Everyone knows about the benefits of working your muscles for health and strength, but the trend to flex your mental muscle is on the rise, with trend spotters predicting a ‘global brain health movement’ this decade, as people become more aware of the importance of taking care of their grey matter. Good health isn’t just about taking care of our bodies, it’s also about taking care of our minds.

Sunraysia has developed a 7-Day Brain Fitness Challenge to encourage Aussies to take seven days to stretching and strengthening our grey matter. Or 7-Day Brain Fitness Challenge comprises seven quick activities – such as doing a crossword puzzle or learning a phrase in a different language – designed to be easily incorporated into your busy day along with drinking Sunraysia Blueberry Juice.

Why Blueberries? Widely referred to as “brain berries”, this super fruit has been dubbed by nutritionists as an antioxidant powerhouse with studies showing blueberries can boost your memory, improve your eyesight, look after your heart, and protect your brain. Recent emerging research has even revealed that drinking blueberry juice every day can help improve memory function by 40 per cent in adults!

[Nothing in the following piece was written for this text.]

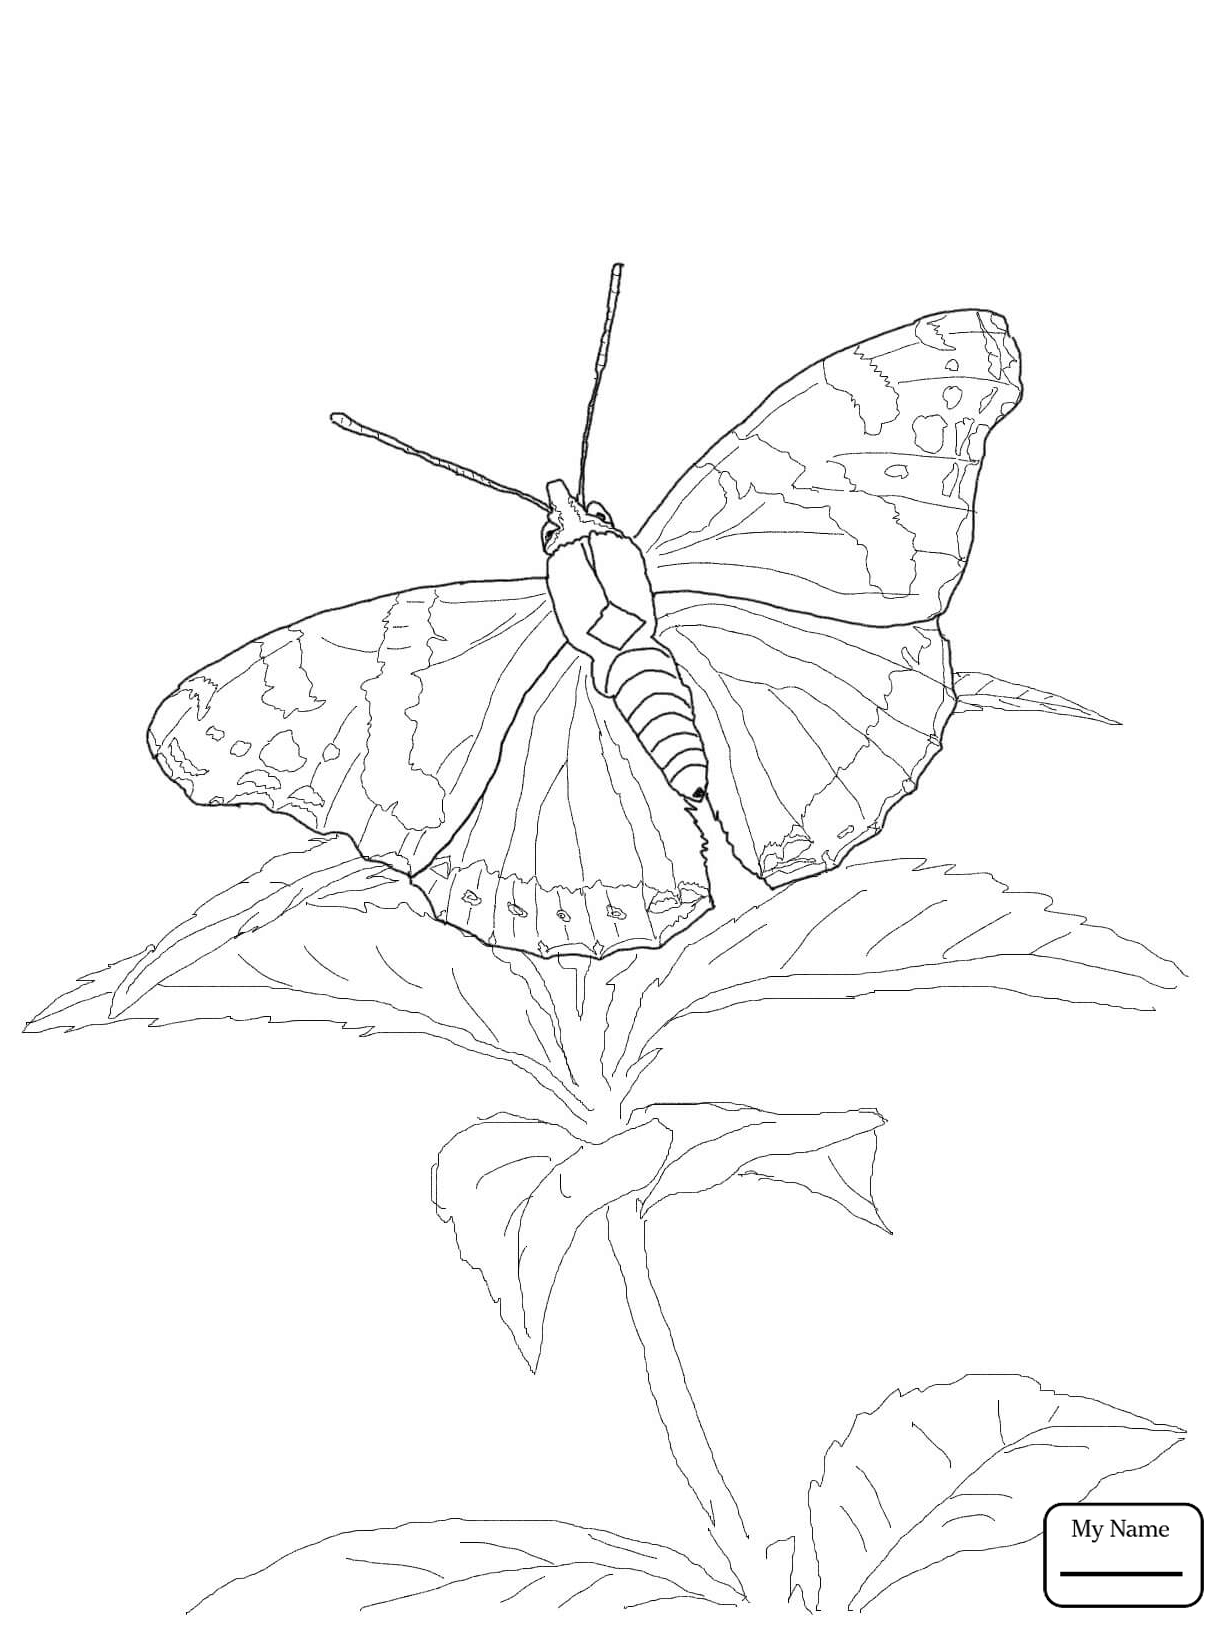 Blue Morpho Butterfly Coloring Page at GetColorings.com | Free

If you jump on over to the Sunraysia site and are one of the first 300 to sign up for the challenge, you will receive cash back on two 750mL bottles of Sunraysia Blueberry Juice.

We also have a copy of Dr Kawashima Train Your Brain book to give away to one lucky reader, just let us know in a comment bellow…What is the worst thing you have forgotten?
It’s that easy. Entries will close Friday 7th May.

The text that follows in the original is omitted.